POST /webhook/endpoint HTTP/1.1
Host: your-app.com
Content-Type: application/json
Content-Length: 342
X-Webhook-ID: evt_abc123
X-Webhook-Timestamp: 1708523400
X-Webhook-Signature: v1=a1b2c3d4e5f6...
User-Agent: WebhookProvider/2.0

{"event":"payment.completed","data":{"id":"pay_789","amount":4999}}
4

Response

Your server receives the request, processes it (or queues it for processing), and returns an HTTP response. The provider typically expects a 2xx status code within 5-30 seconds.

Webhook Headers in Detail

Headers carry critical metadata about the webhook delivery. Here are the headers you will encounter:

Standard HTTP headers:

  • Content-Type — almost always application/json; occasionally application/xml or application/x-www-form-urlencoded
  • Content-Length — size of the request body in bytes
  • User-Agent — identifies the webhook provider (e.g., Stripe/1.0, GitHub-Hookshot/abc123)

Provider-specific headers:

  • X-Webhook-ID or X-Request-ID — unique identifier for this delivery attempt
  • X-Webhook-Timestamp — when the webhook was sent (Unix timestamp or ISO 8601)
  • X-Webhook-Signature — cryptographic signature for verification
  • X-Webhook-Event — the event type that triggered this delivery

Different providers use different header naming conventions. Stripe uses Stripe-Signature, GitHub uses X-Hub-Signature-256, and Shopify uses X-Shopify-Hmac-Sha256. The Standard Webhooks specification aims to unify these under webhook-id, webhook-timestamp, and webhook-signature.

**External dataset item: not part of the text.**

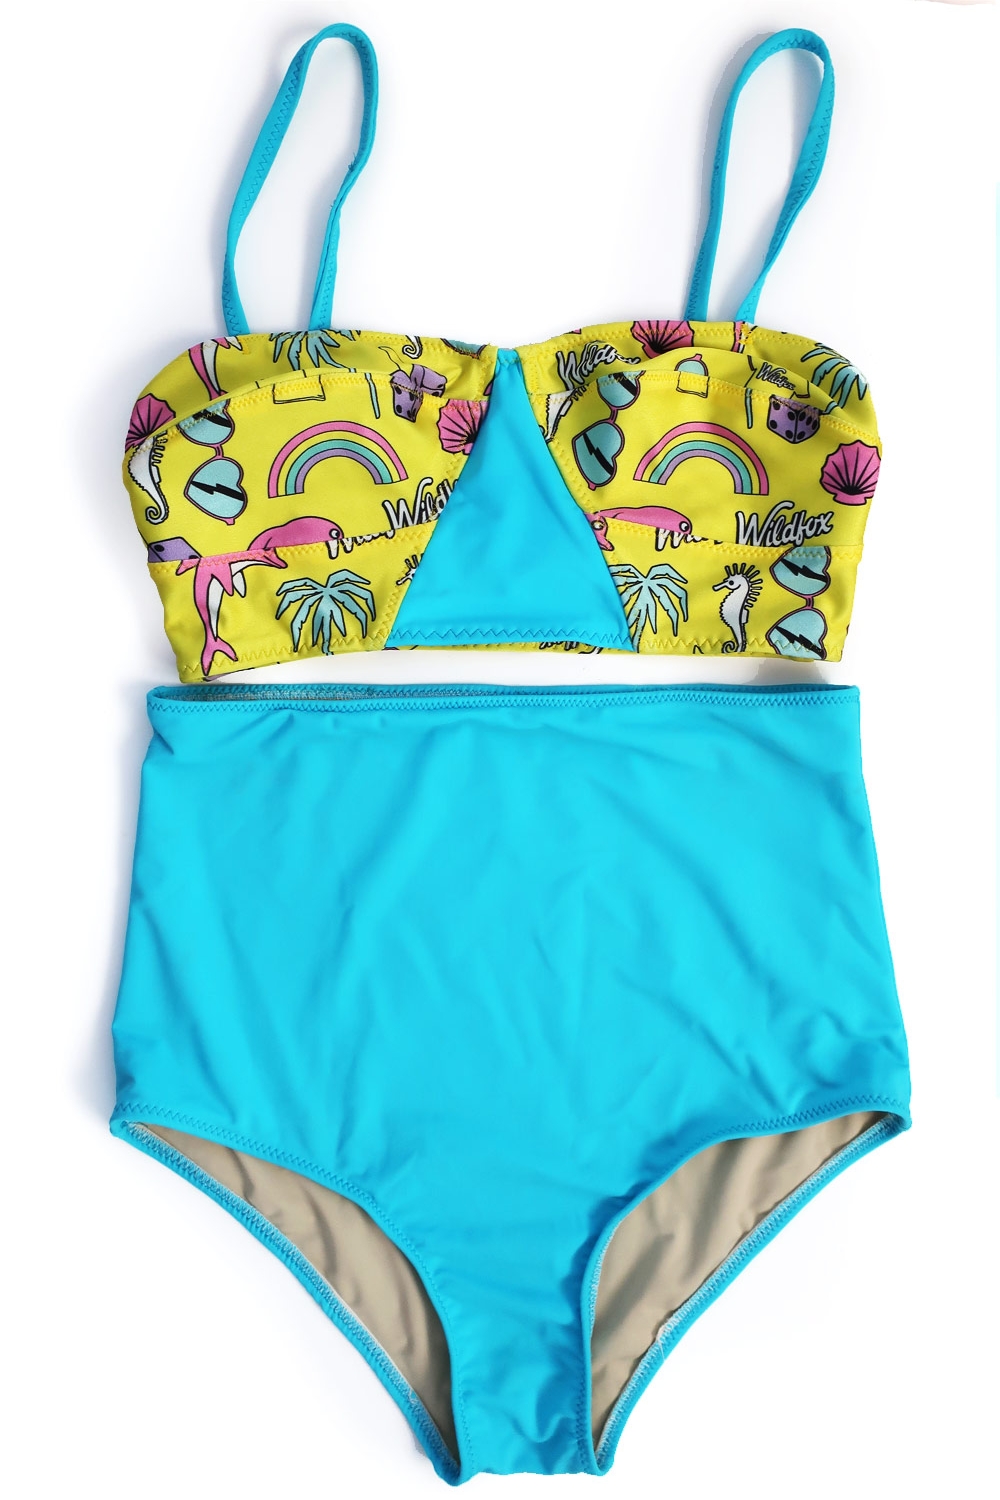 https://images.squarespace-cdn.com/content/v1/5311530fe4b080d644be8ea9/1534779216245-1RASSGLLV8BTQ79NBHHY/DIY+High+Waisted+Bikini+%E2%80%93+Review+of+the+Soma+Swimsuit+by+Papercut+Patterns+%7C+Sew+DIY

Event-Driven Architecture Behind Webhooks

Webhook providers do not just fire HTTP requests directly from their application code. Production webhook systems are built on event-driven architectures with multiple layers of reliability.

Event Generation Layer

The first layer captures events as they happen within the provider's system. When a customer makes a payment, the payment processing code emits an event:

// Inside the provider's payment processing code
async function processPayment(paymentIntent) {
  const result = await chargeCard(paymentIntent);

  if (result.success) {
    // Emit the event to the event bus
    await eventBus.emit({
      type: 'payment_intent.succeeded',
      data: paymentIntent,
      timestamp: Date.now(),
      idempotencyKey: `pi_${paymentIntent.id}_succeeded`
    });
  }
}

This event is published to a message broker (Kafka, RabbitMQ, Amazon SQS, or a similar system), not sent directly as a webhook. This decoupling is essential for reliability.

Event Routing Layer

The routing layer determines which webhook subscriptions should receive each event. A single event might need to go to multiple endpoints — for example, if you have subscribed to payment_intent.succeeded on three different webhook endpoints.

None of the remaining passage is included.